**Input data:**
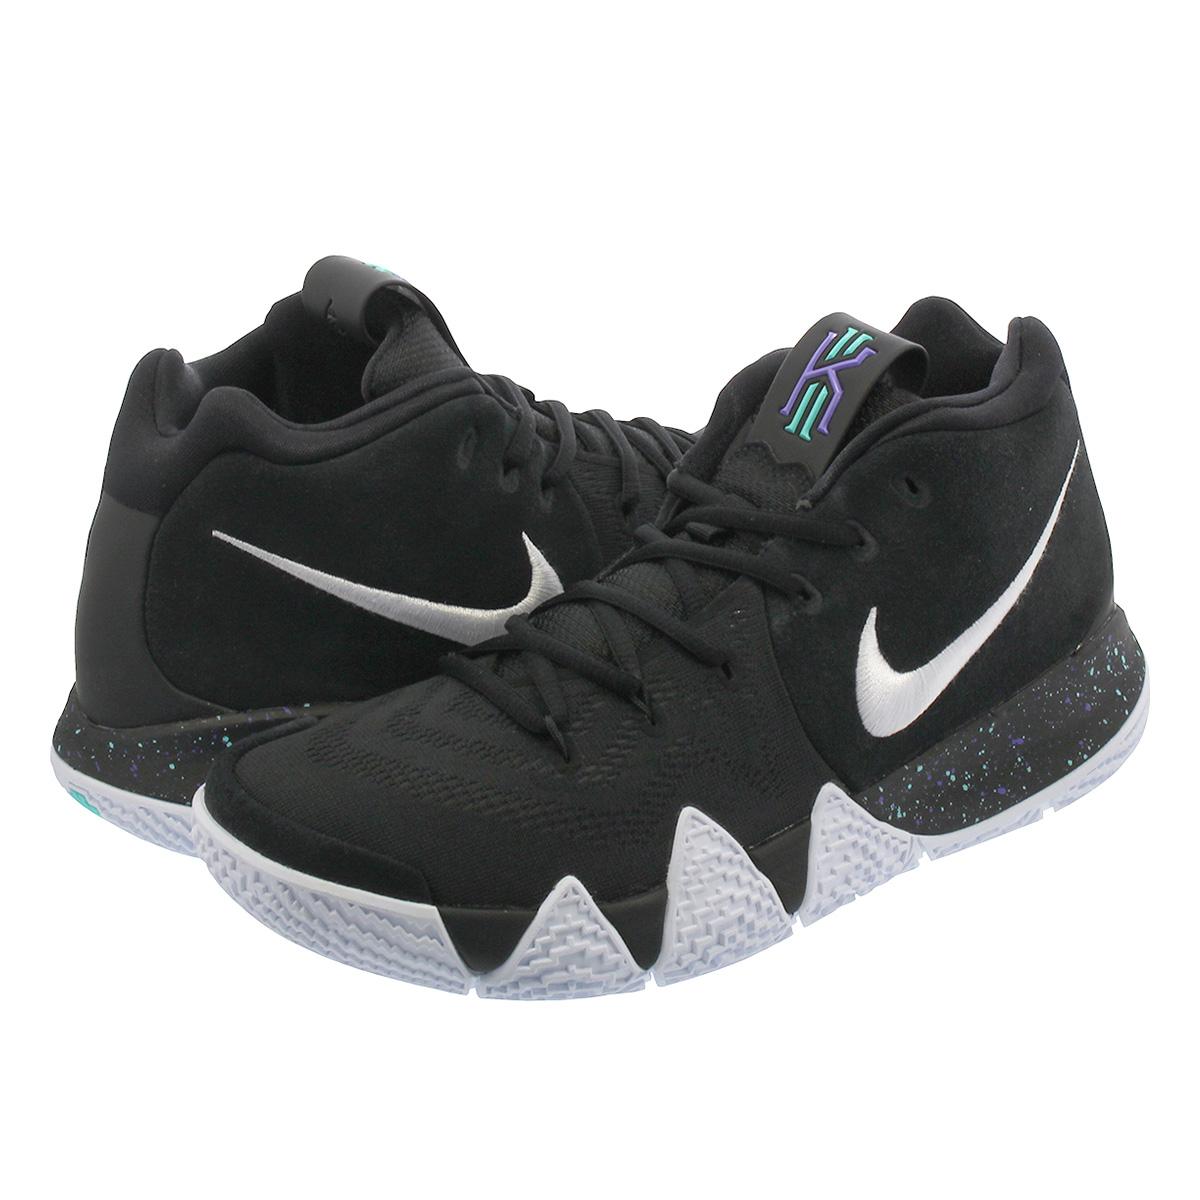 85c70903b48 SELECT SHOP LOWTEX  NIKE KYRIE 4 Nike chi Lee 4 BLACK WHITE 943
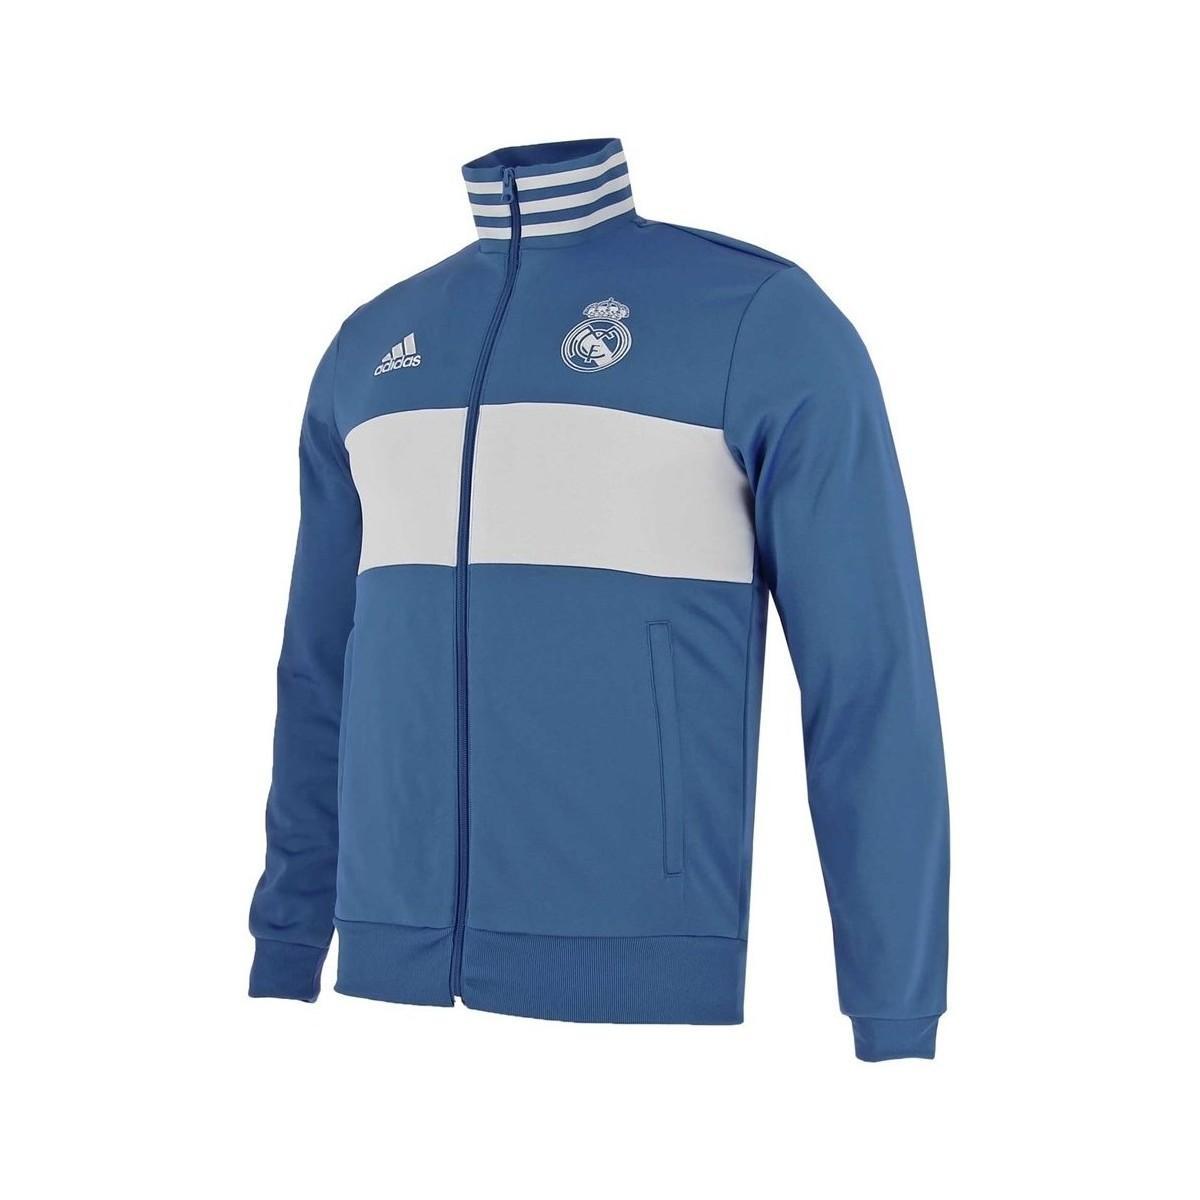 8797458895f Adidas Real Madrid 3stripes Track Jacket Men's Sweatshirt In Blue in ...
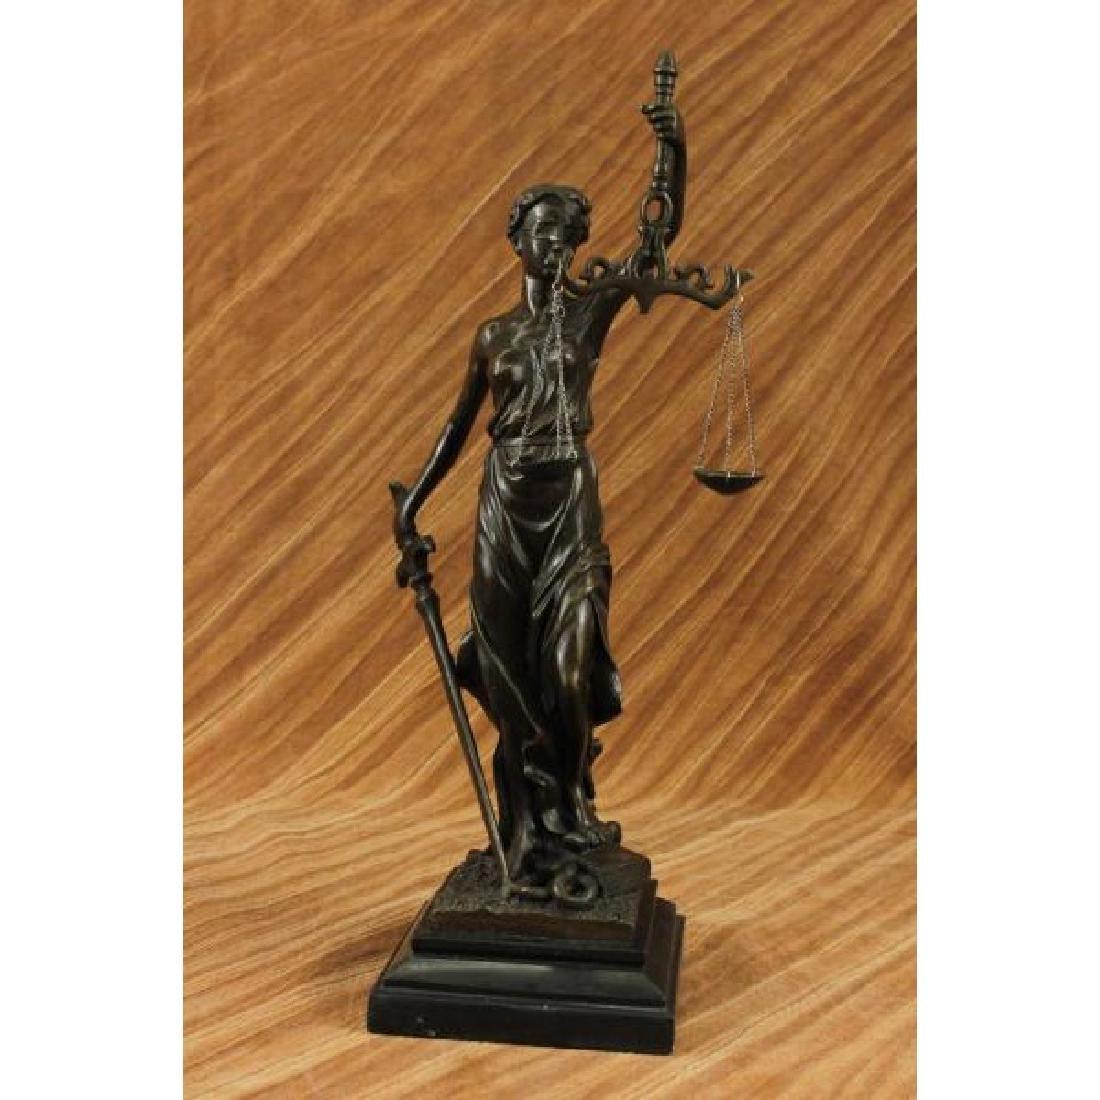 Blind Justice - Scale of Justice Bronze Sculpture

**Exercise aim:** Every word of the material above should be copied exactly; no pictures.

**Result below:**
 85c70903b48 SELECT SHOP LOWTEX  NIKE KYRIE 4 Nike chi Lee 4 BLACK WHITE 943
 8797458895f Adidas Real Madrid 3stripes Track Jacket Men's Sweatshirt In Blue in ...
 Blind Justice - Scale of Justice Bronze Sculpture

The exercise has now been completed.